In June, SEPTA introduced the Night Owl subway service — which runs from midnight to 5 a.m. on the Market-Frankford and Broad Street lines — to replace the overnight bus service on Friday and Saturday nights. Though the subways cost $34,000 more than the buses each weekend, the Night Owl weekend trains have had around 60 percent more riders.

“We have to pay more to provide this service, but the rising numbers were so strong and consistent that it really makes sense to provide transportation that people want,” SEPTA spokesperson Jerri Williams said.

For SEPTA, the higher cost of the service is outweighed by the benefit of accommodating Philadelphia riders, especially younger riders. The momentum to extend the pilot program was largely driven by SEPTA’s Youth Advisory Council , which represents the interests of riders in their teens and early 20s.
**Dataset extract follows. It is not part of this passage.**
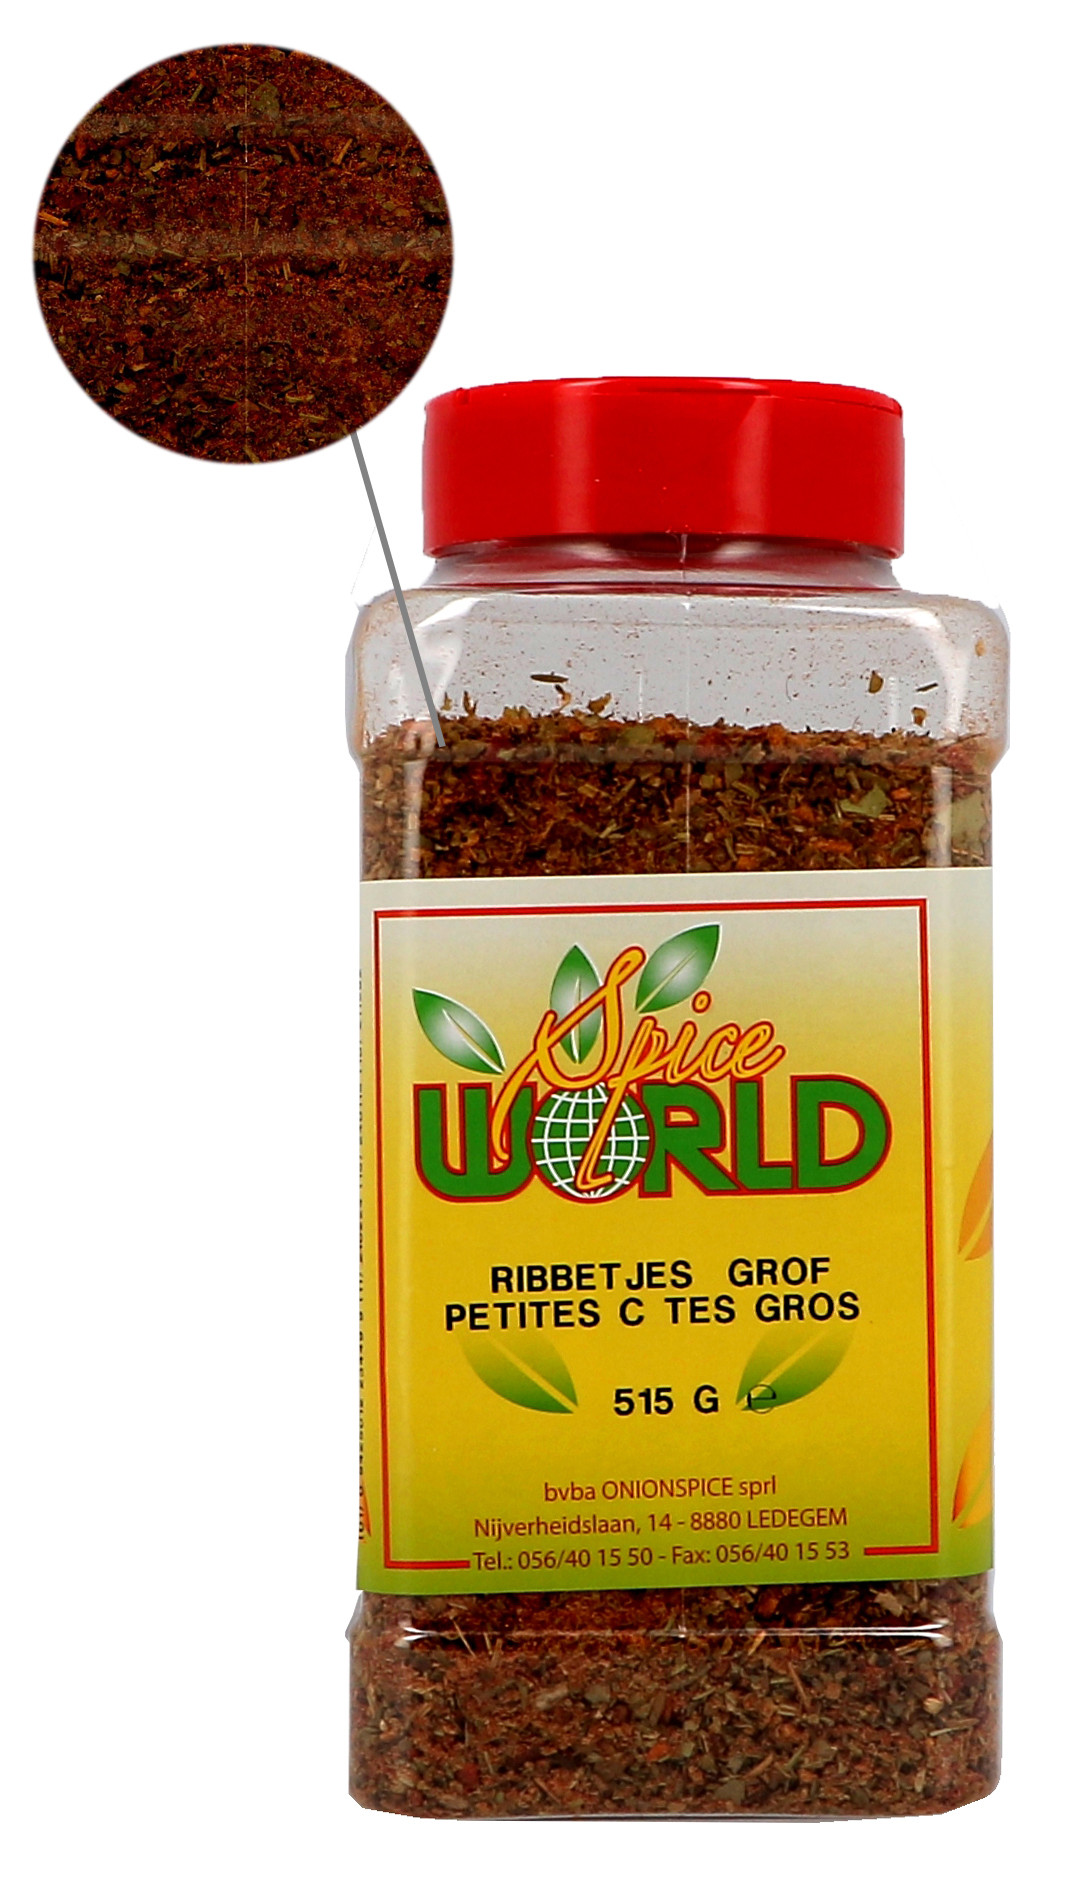 Ribbetjes kruiden mix 515gr 1LP Spice World (Isfi & Verstegen)

“College students and people in this younger demographic prefer to take the subway over the bus when they’re out late,” said SEPTA YAC Executive Chair Jeff Kessler, a Wharton and Engineering junior . “Rather than taking a taxi or Uber, the train provides a fast, comfortable and affordable public transportation option that benefits the entire youth community.”

With more millennials coming to Philadelphia, overnight service not only accommodates this growing demographic, but also serves as “a factor when people are considering where they want to go to college and where they want to live,” Williams added.
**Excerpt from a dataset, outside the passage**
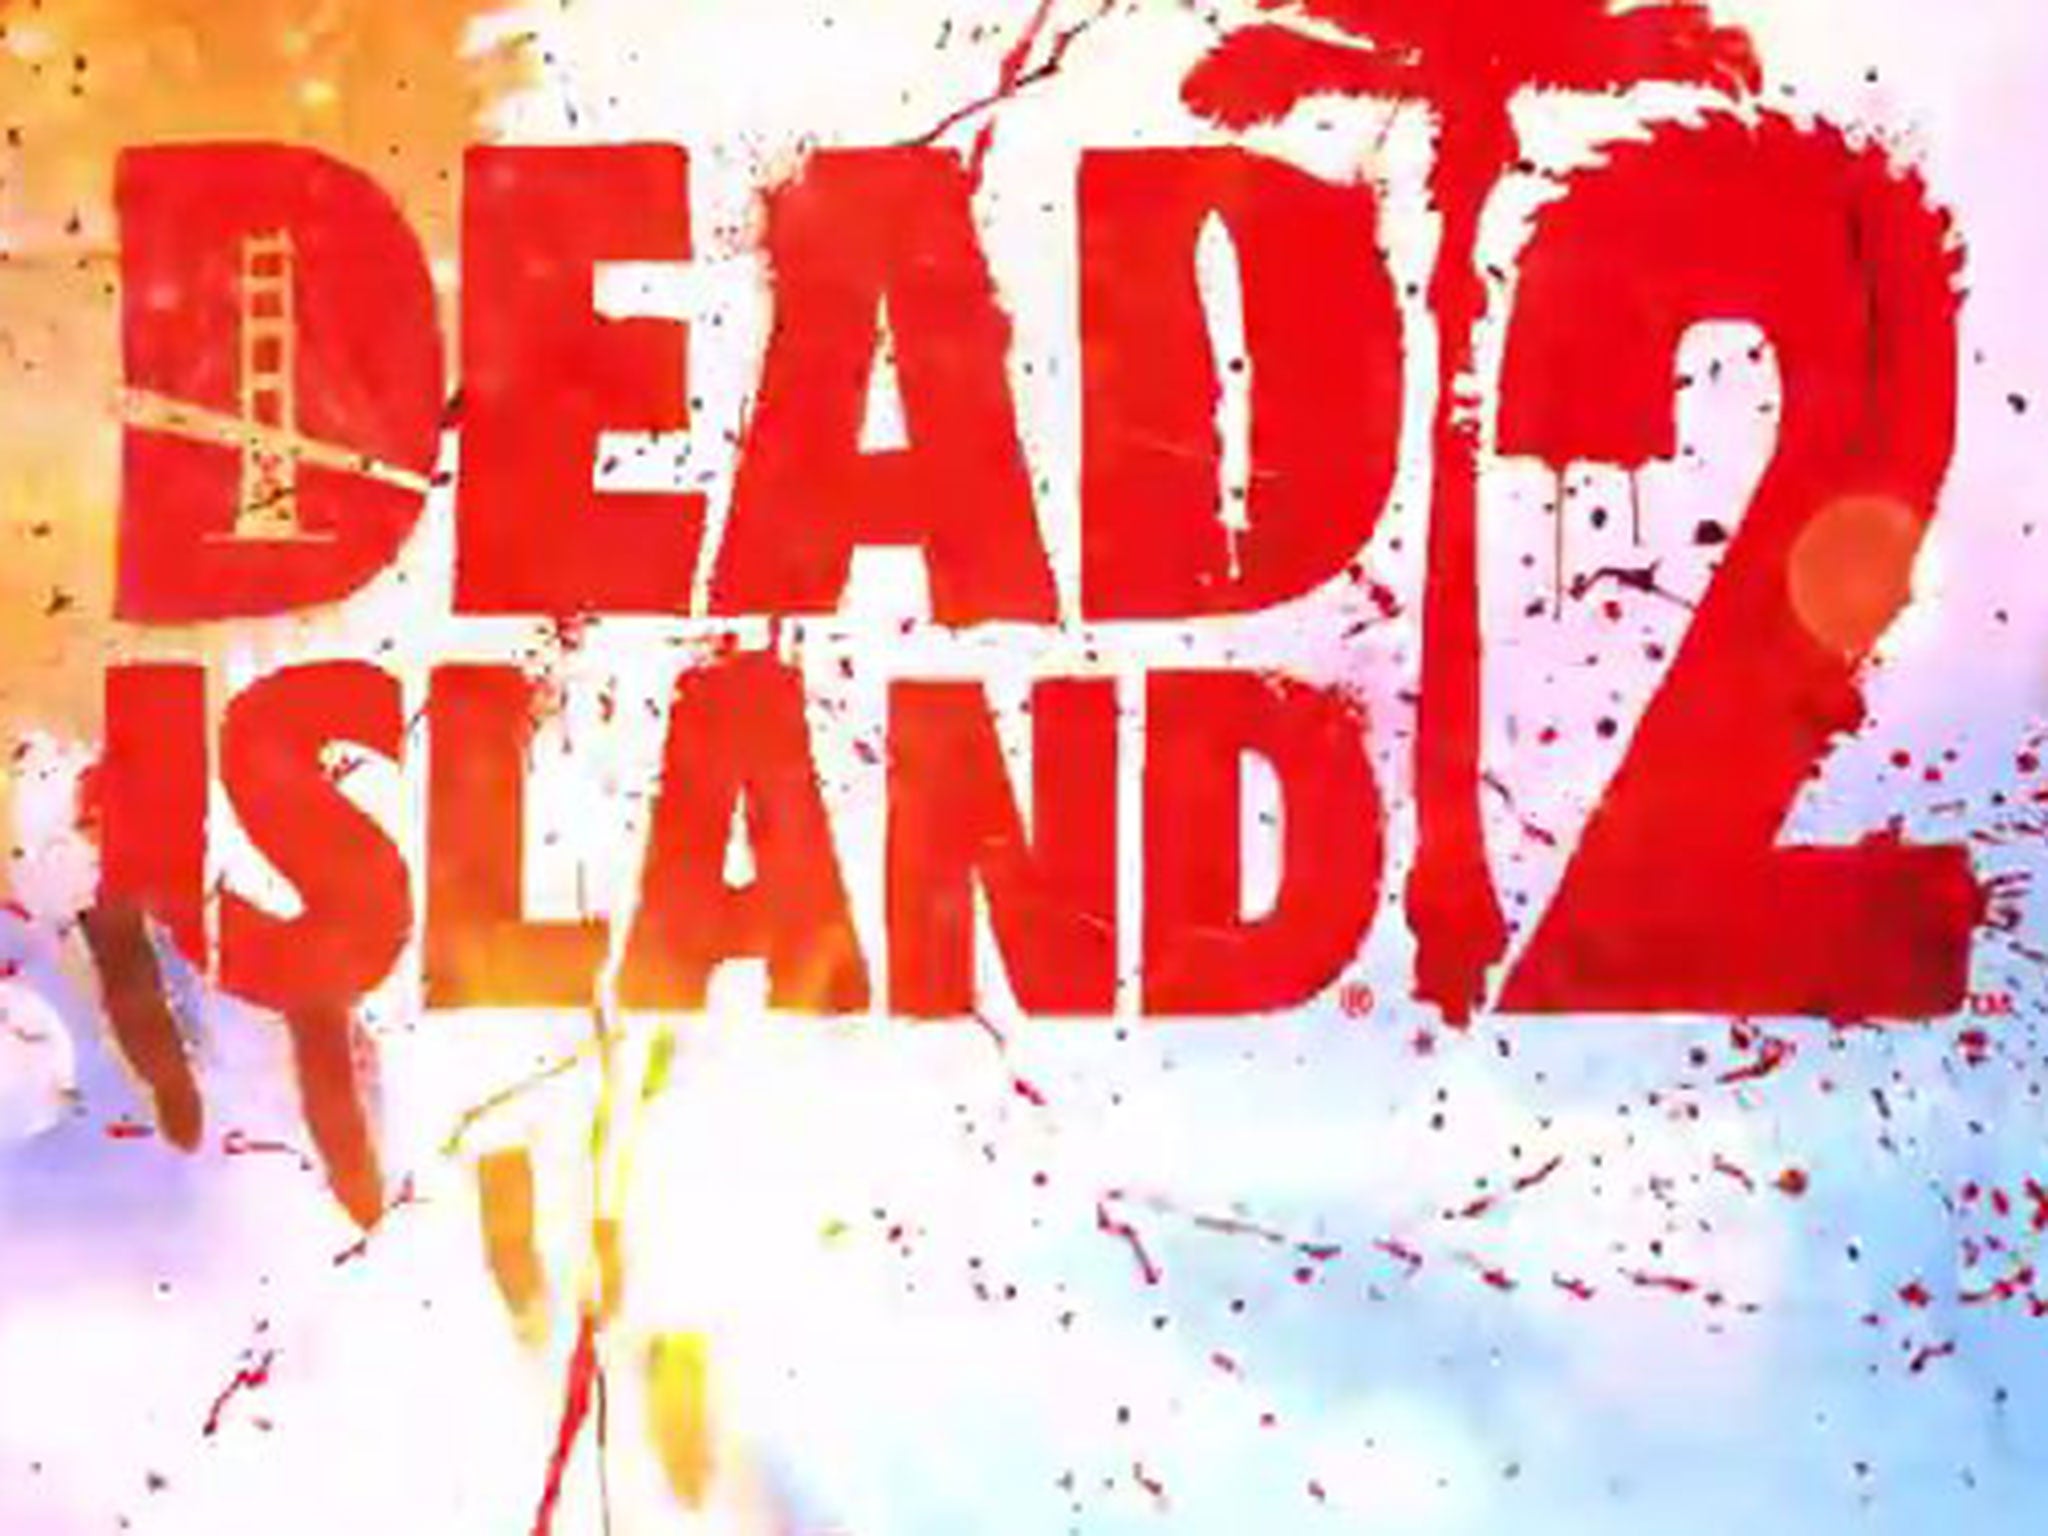 music dead island 2 trailer

From 2000 to 2014, Philadelphia’s young adult population increased by 78 percent, according to data from the federal American Community Survey.

“Philadelphia has changed,” Williams said, “so we had to consider changing as well by enhancing our services to make the city more competitive.”

“It’s a combination of people not leaving as often for the suburbs and some more people coming back,” PennDesign professor John Landis said. “Young people have been coming back into urban centers, and it is a significant national movement that is helping a lot of cities.”

Over half of millennials in the 10 largest U.S. cities would consider moving to another city if it offered better public transportation options, according to a survey released this past April.

“Subway trains are the mode of public transit that people prefer, and being able to provide that service at all hours will really benefit the entire youth community,” Kessler said.

Since millennials tend to go to restaurants, clubs and other businesses late on weekends, “Philadelphia businesses see this late-night transportation as an opportunity for them since people become more willing to travel throughout the city knowing they can get back on SEPTA’s service,” Kessler added.

The SEPTA Night Owl trains also improve the overall safety of the city. With up to two police officers on each overnight train, SEPTA “rarely gets reports of violent crime, and the underground stations make people feel more comfortable than they are when waiting on a street corner for a bus in the middle of the night,” Williams said.

“This overnight service adds to the general sense that Philadelphia is a convenient and safe place to live,” Landis said.